Why This Matters for Parents
-
A hospital discharge report can trigger the district's legal duty to assess. When Parents handed the principal the UCLA report recommending an immediate IEP, that document alone was legally sufficient to require the district to offer an assessment plan. If your child has been psychiatrically hospitalized or evaluated by an outside specialist who recommends special education, put that report in writing to the district immediately and follow up with a formal assessment request.
-
"Re-enrollment" does not restart the clock on child find. The district tried to avoid its obligations by treating Student as a brand-new enrollee. The ALJ rejected this argument. A change in enrollment status does not eliminate the district's duty to act when it has clear knowledge that a child may have a disability requiring special education.
-
A psychoeducational assessment that ignores a recent psychiatric hospitalization is legally inadequate.

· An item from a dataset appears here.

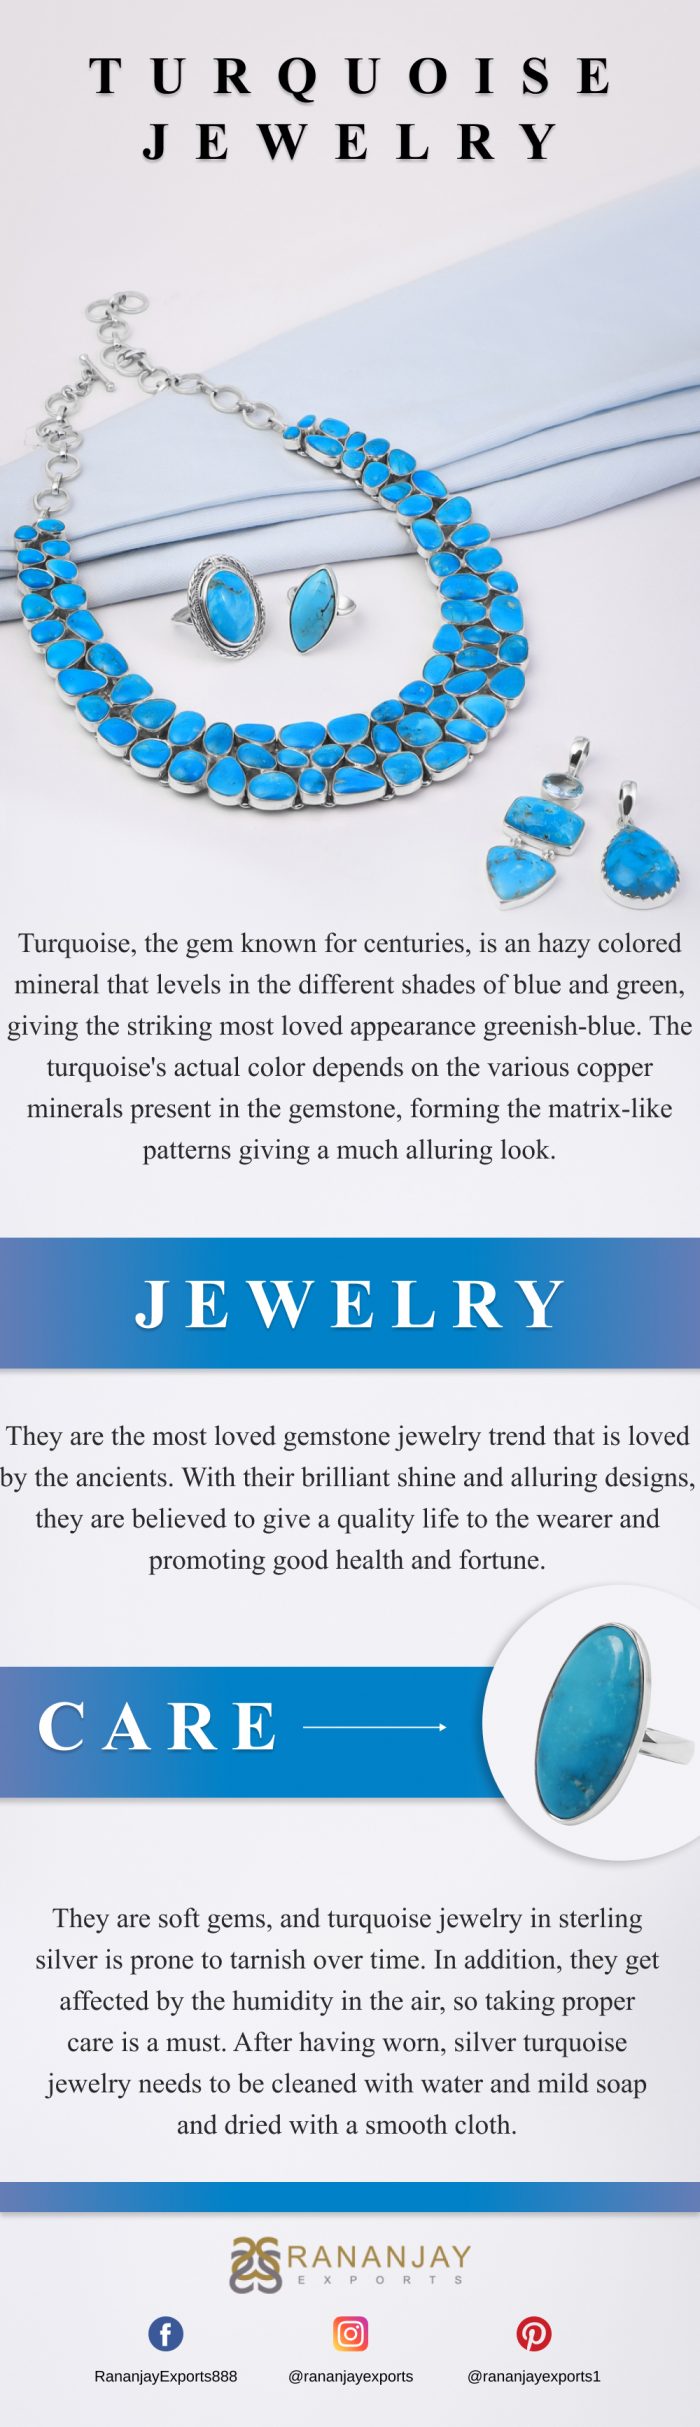 Wholesale Turquoise jewelry and care

Assessors must review all available records and contact treating providers. If the district's evaluator never reviewed your child's outside treatment records or spoke with your child's therapist, you have grounds to challenge the assessment as legally insufficient — and to request an Independent Educational Evaluation at district expense.
-
Internalized anxiety is still a disability. The district argued Student couldn't have an emotional disturbance because his distress wasn't visible at school. The ALJ rejected this, relying on UCLA's finding that Student's anxiety was an "internalizing disorder" — meaning his suffering was hidden but real. Educational performance includes the ability to get to school, arrive on time, and complete assignments — not just scores on tests.
-
If the district denies FAPE and you place your child privately, you may recover the full cost — even if you haven't paid it all yet. The ALJ ordered the district to pay Frostig directly for the unpaid balance, rejecting the district's argument that reimbursement should be limited to what Parents had actually paid out of pocket. Financial hardship should not prevent families from being made whole when a district fails to provide a FAPE.
Note: These summaries are for educational purposes only. OAH decisions are fact-specific and may not apply to your situation. Consult an advocate or attorney for advice about your case.